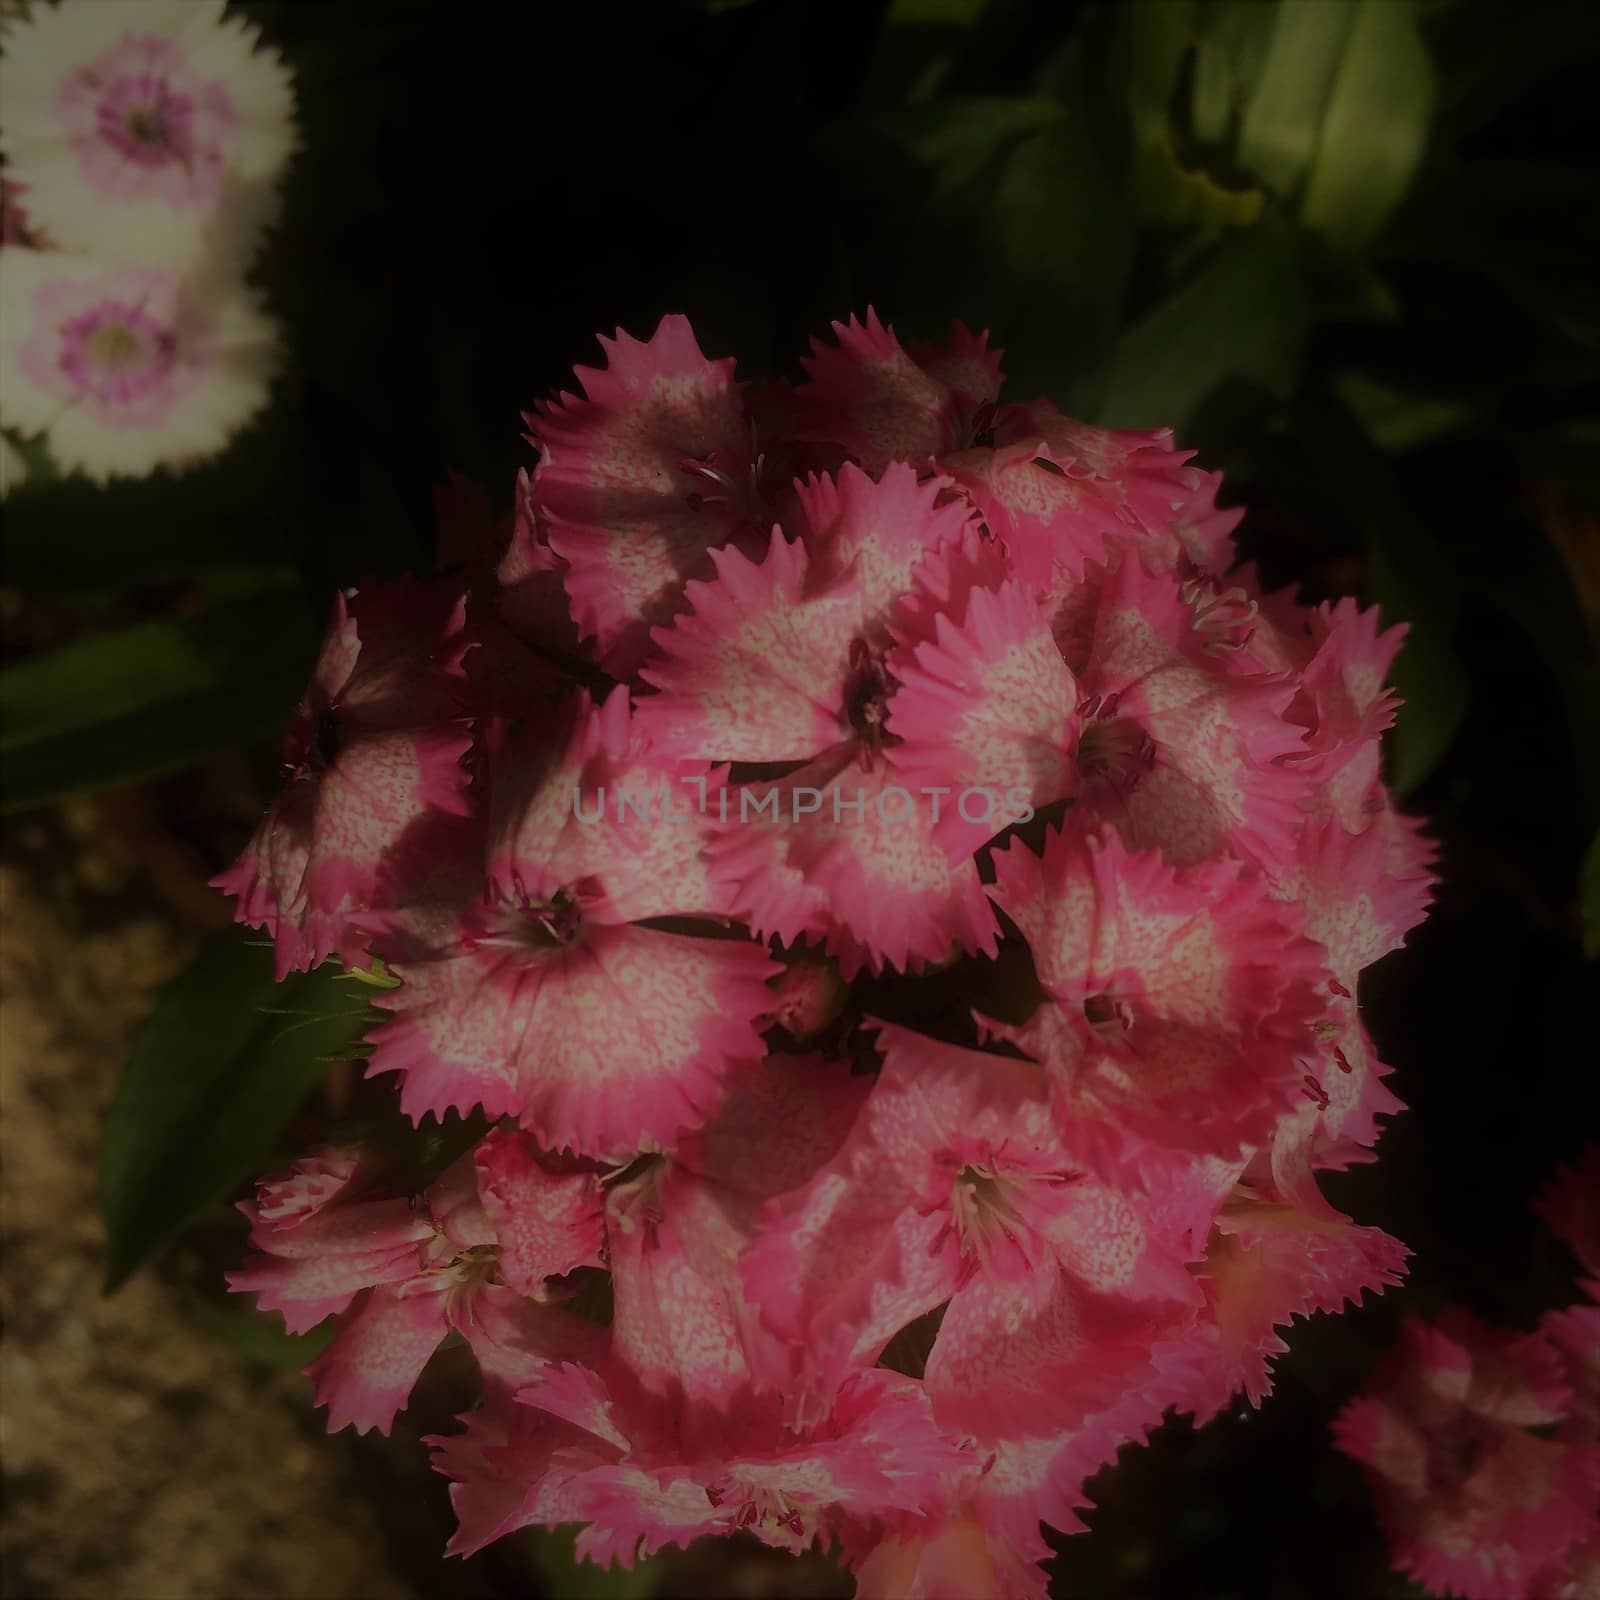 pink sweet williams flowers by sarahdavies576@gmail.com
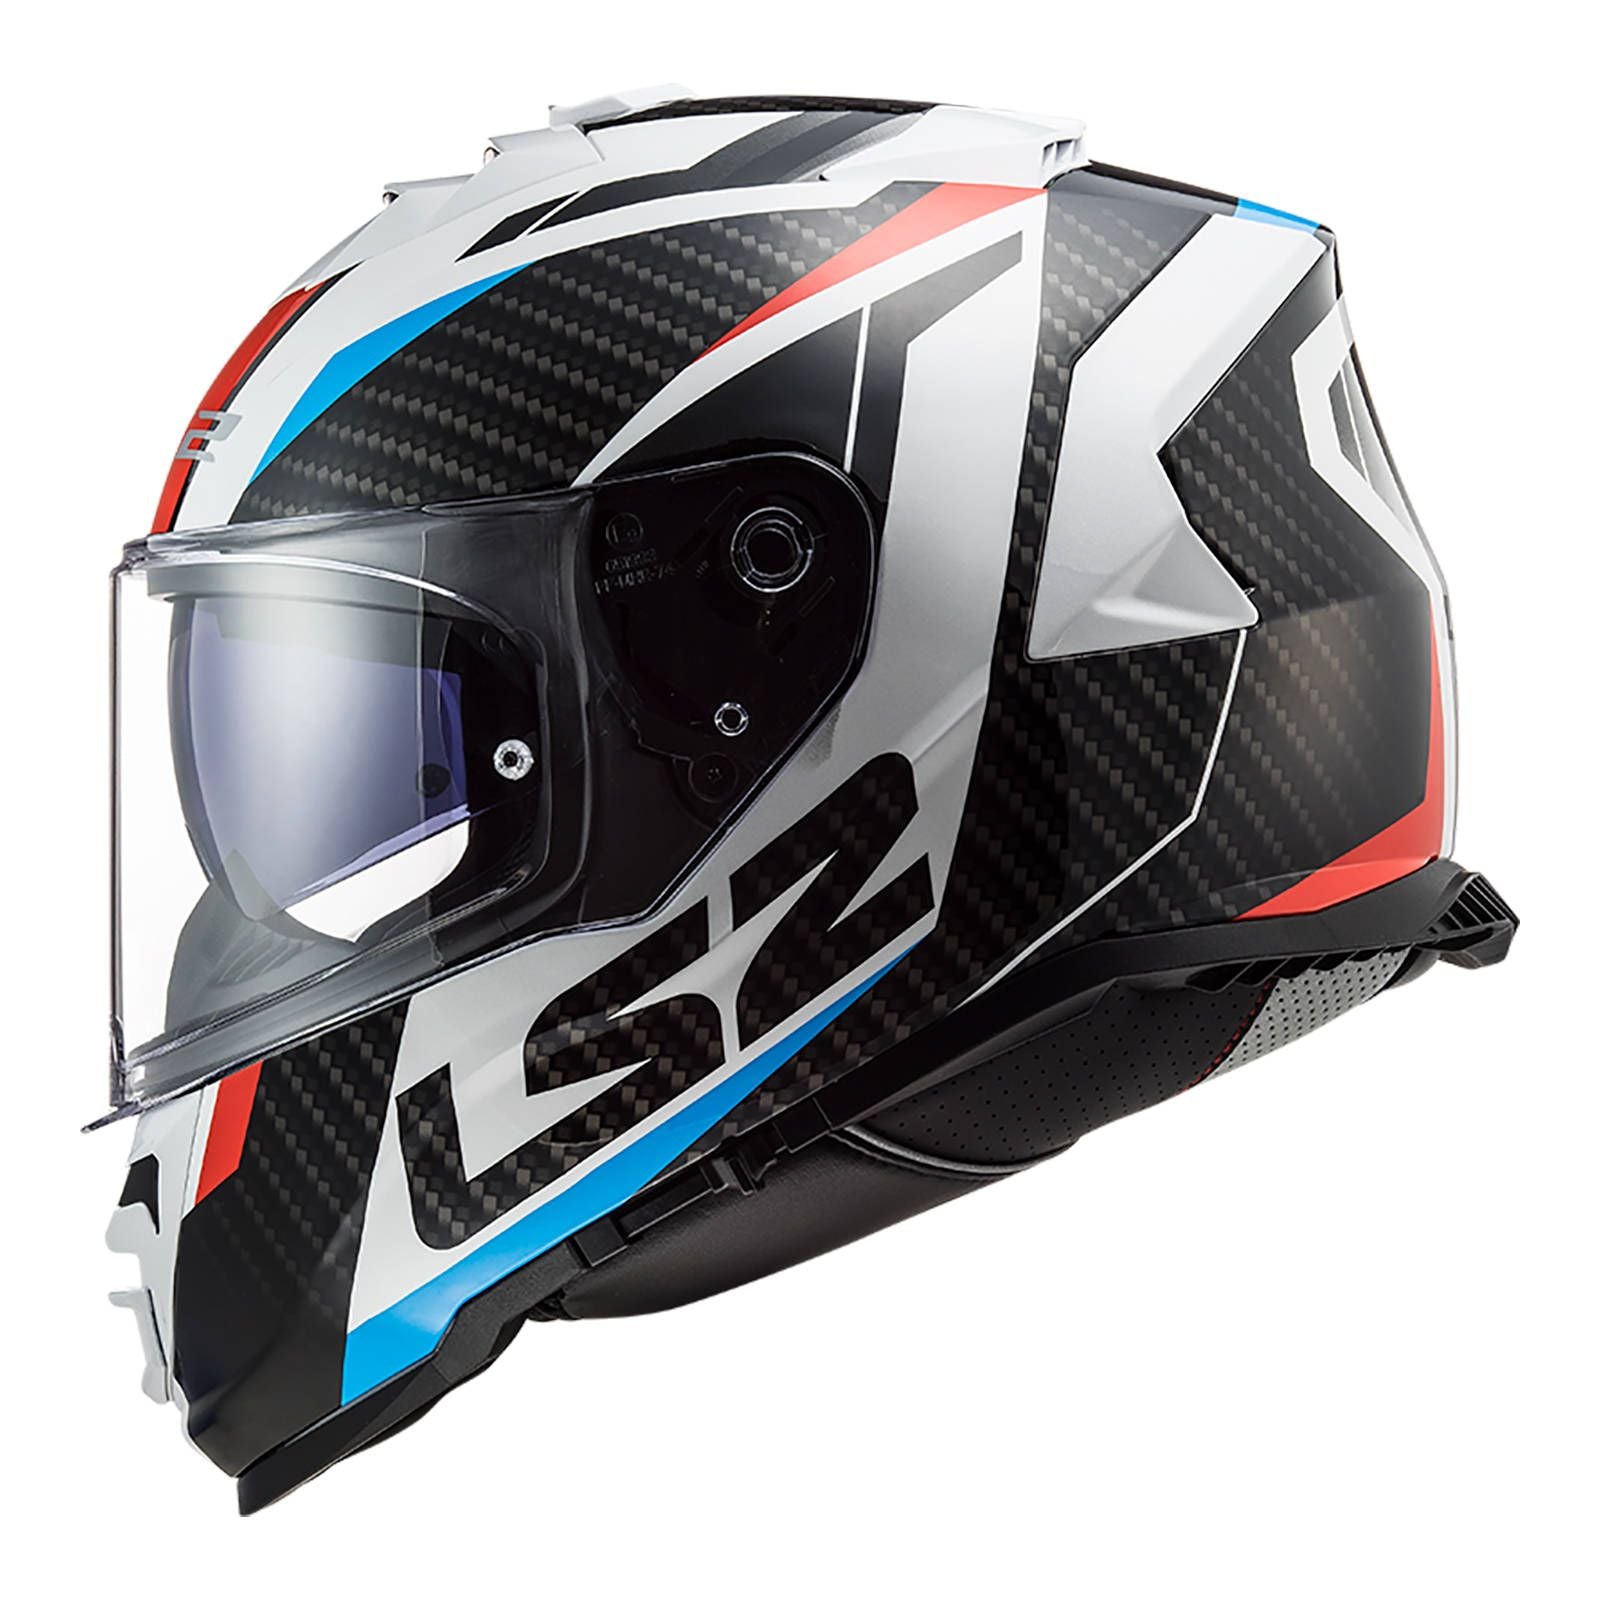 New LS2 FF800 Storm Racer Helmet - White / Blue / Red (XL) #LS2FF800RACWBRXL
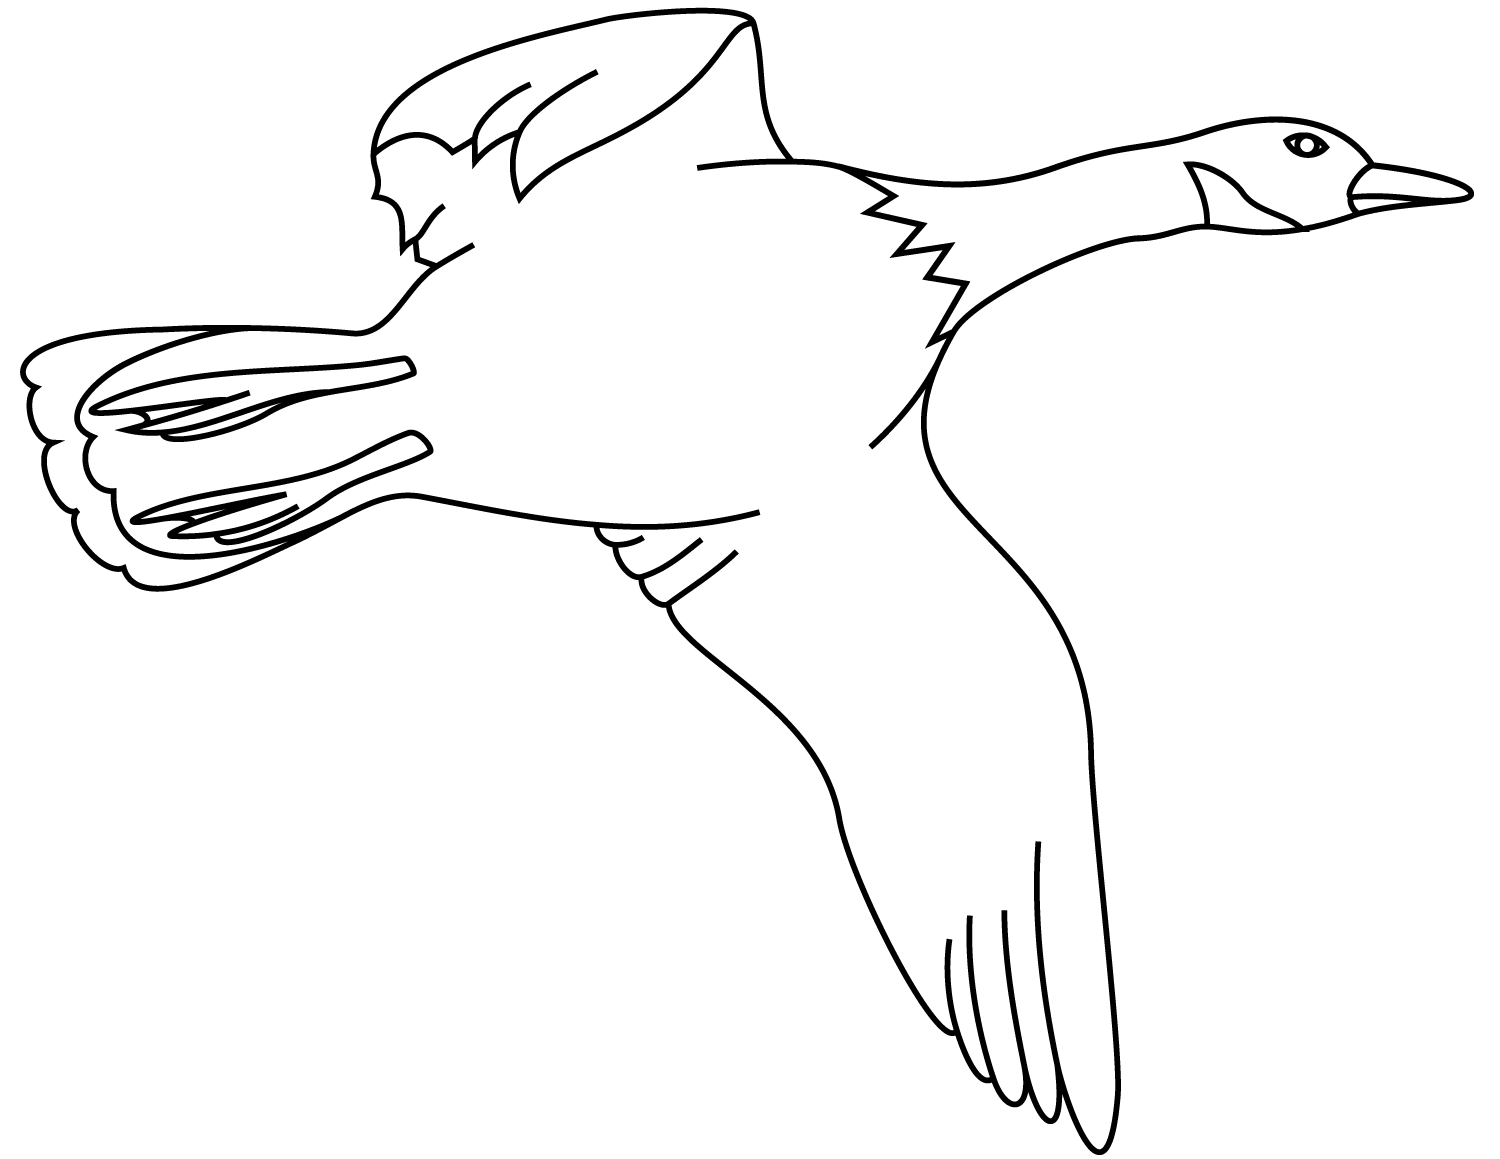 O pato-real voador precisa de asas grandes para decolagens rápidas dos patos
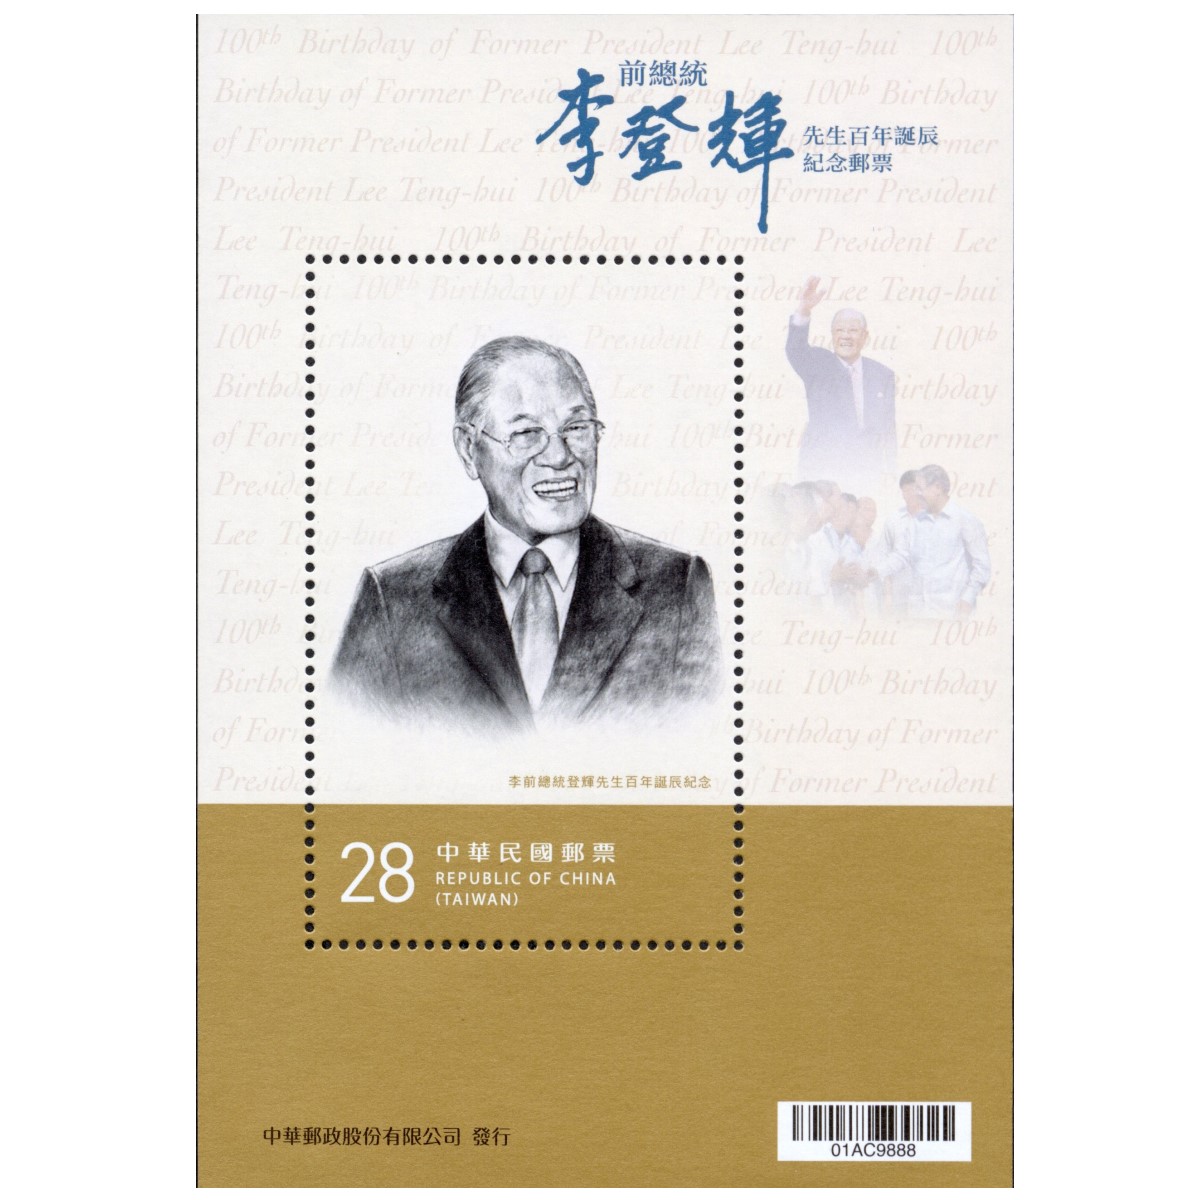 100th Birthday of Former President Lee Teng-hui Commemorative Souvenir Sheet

## Exercise instructions
An exact reproduction of the material above is needed, without its pictures.

## Answer space
 pink sweet williams flowers by sarahdavies576@gmail.com
 New LS2 FF800 Storm Racer Helmet - White / Blue / Red (XL) #LS2FF800RACWBRXL
 O pato-real voador precisa de asas grandes para decolagens rápidas dos patos
 100th Birthday of Former President Lee Teng-hui Commemorative Souvenir Sheet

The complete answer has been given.